**EXERCISE AIM**
Every entry should be returned unchanged, with the pictures omitted.
▬▬▬▬▬▬
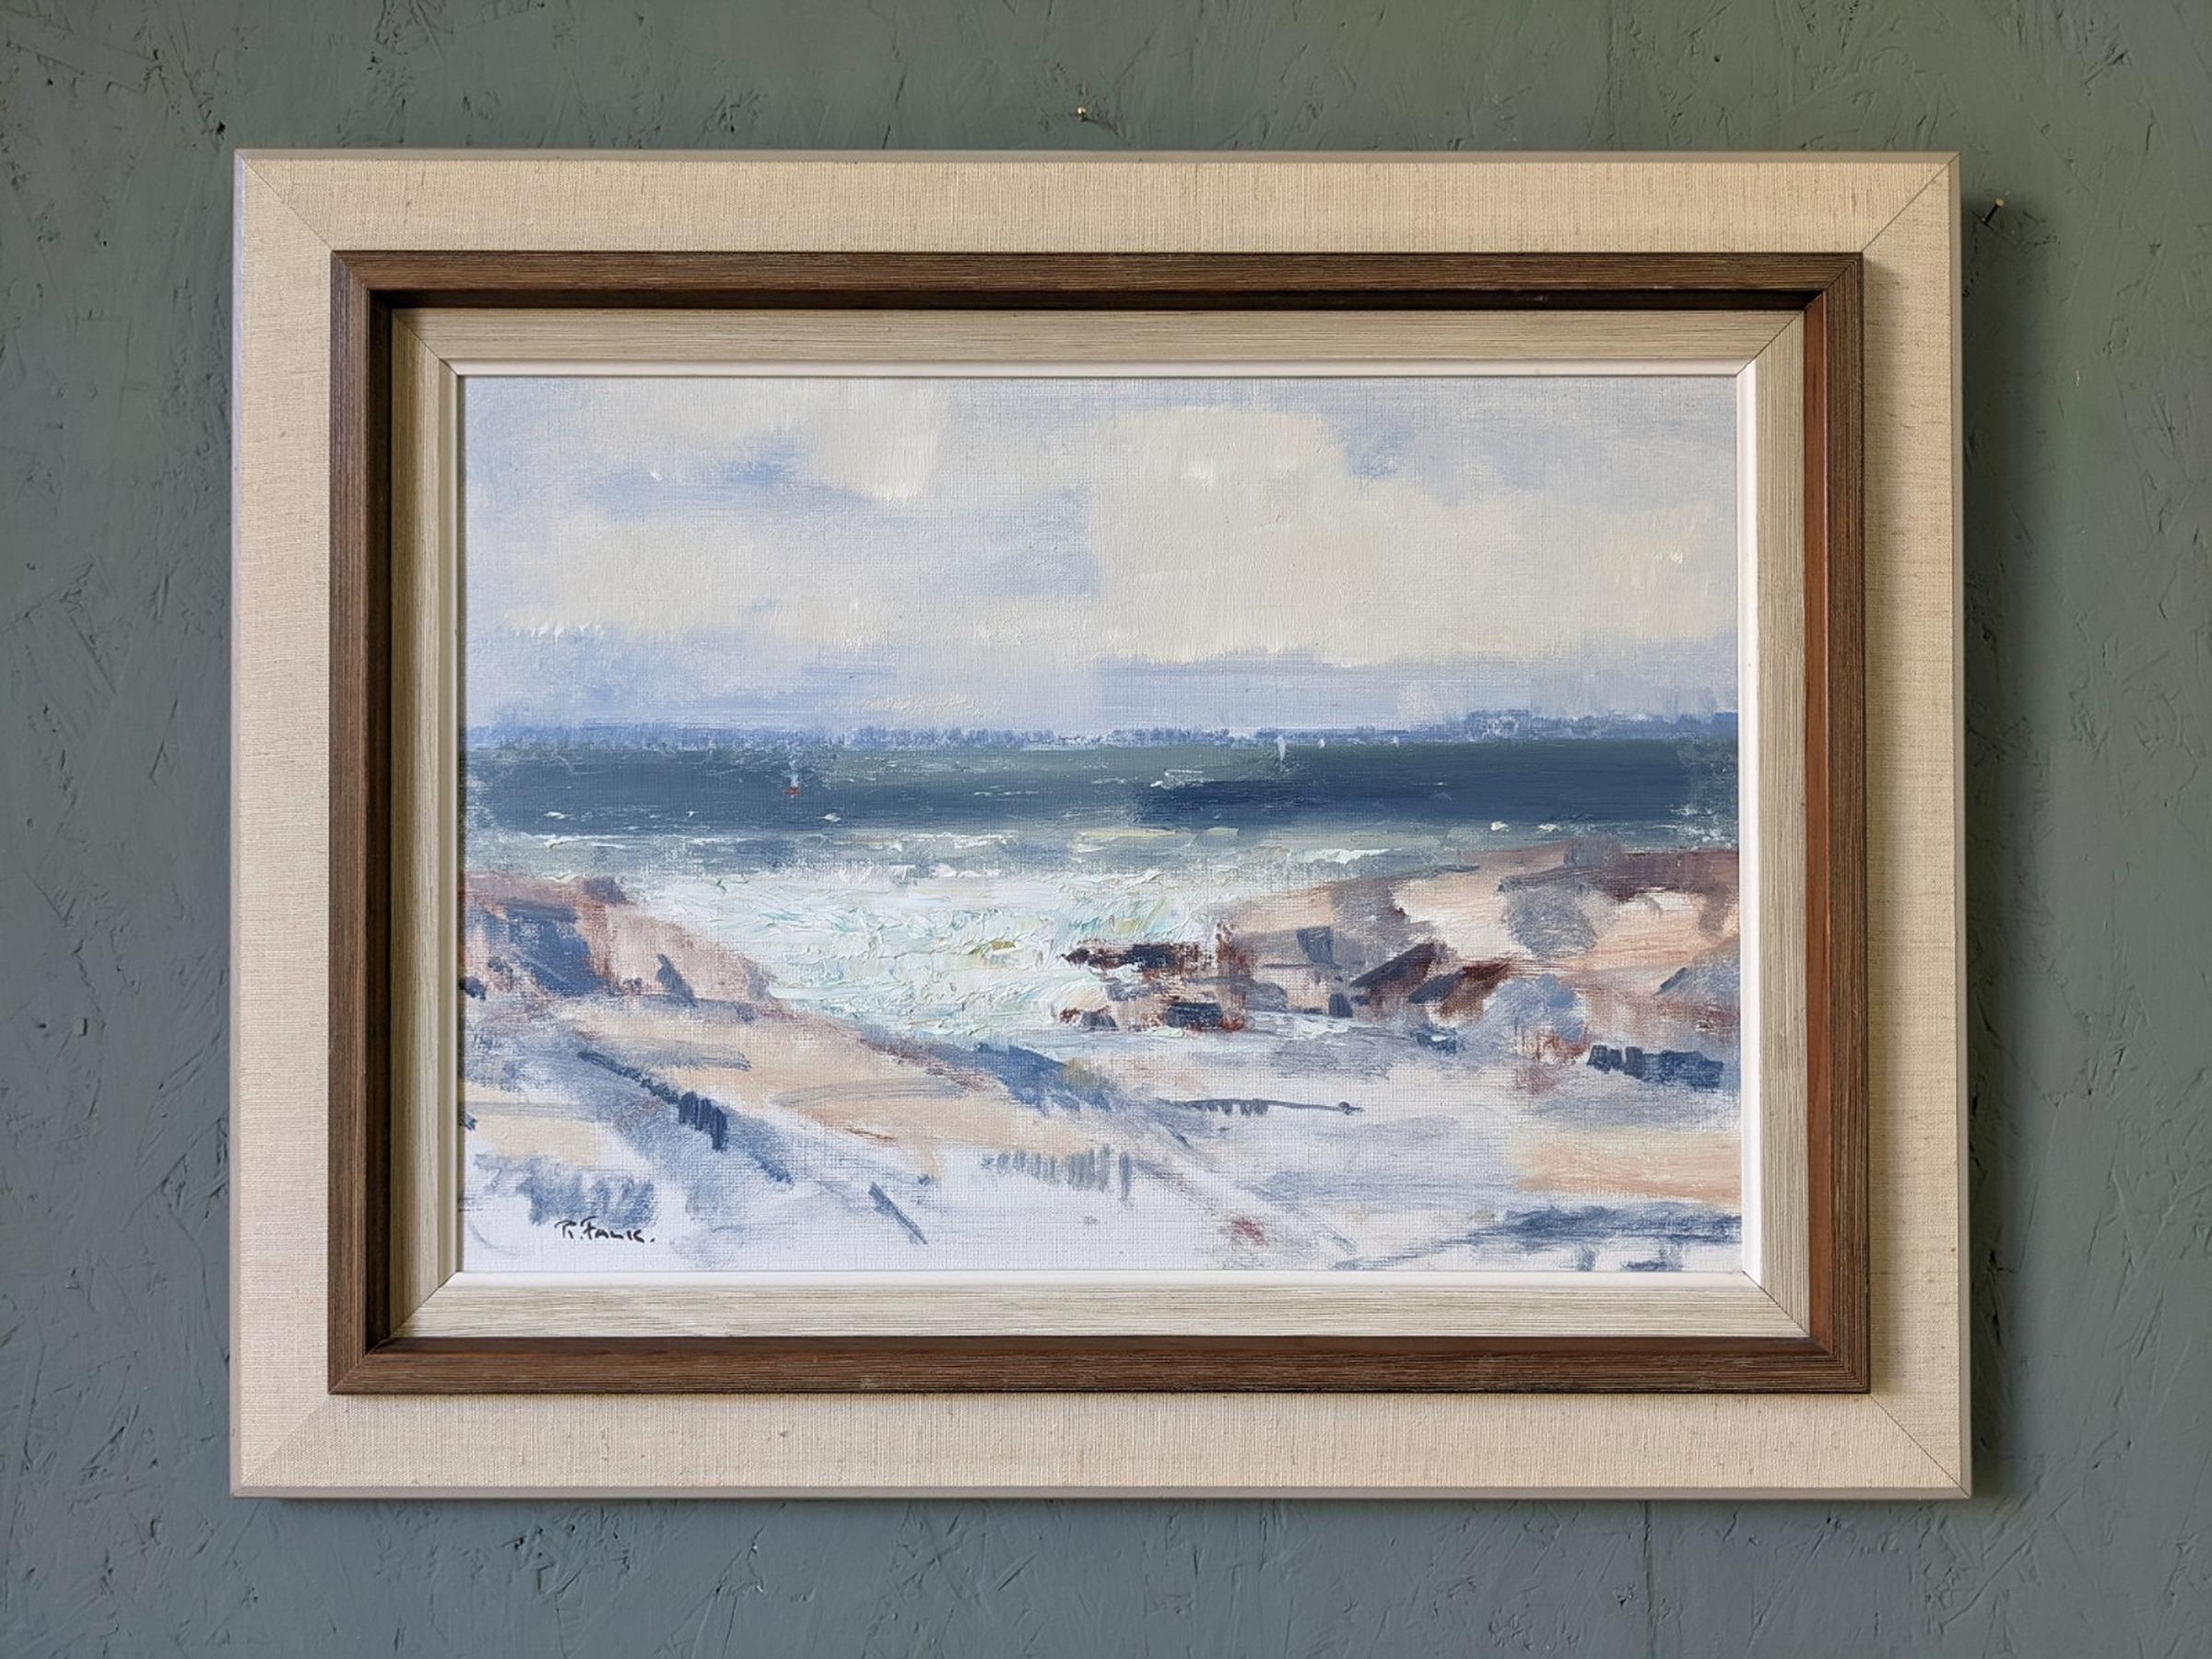 TIDE
Size: 49 x 63 cm (including frame)
Oil on Canvas

A restful and atmospheric mid-century modernist coastal scape painting, executed in oil onto canvas.

Painted in a semi-abstract manner, the artist has captured the beauty of the forces of
▬▬▬▬▬▬
**THE COMPLETED TASK**
 TIDE
Size: 49 x 63 cm (including frame)
Oil on Canvas

A restful and atmospheric mid-century modernist coastal scape painting, executed in oil onto canvas.

Painted in a semi-abstract manner, the artist has captured the beauty of the forces of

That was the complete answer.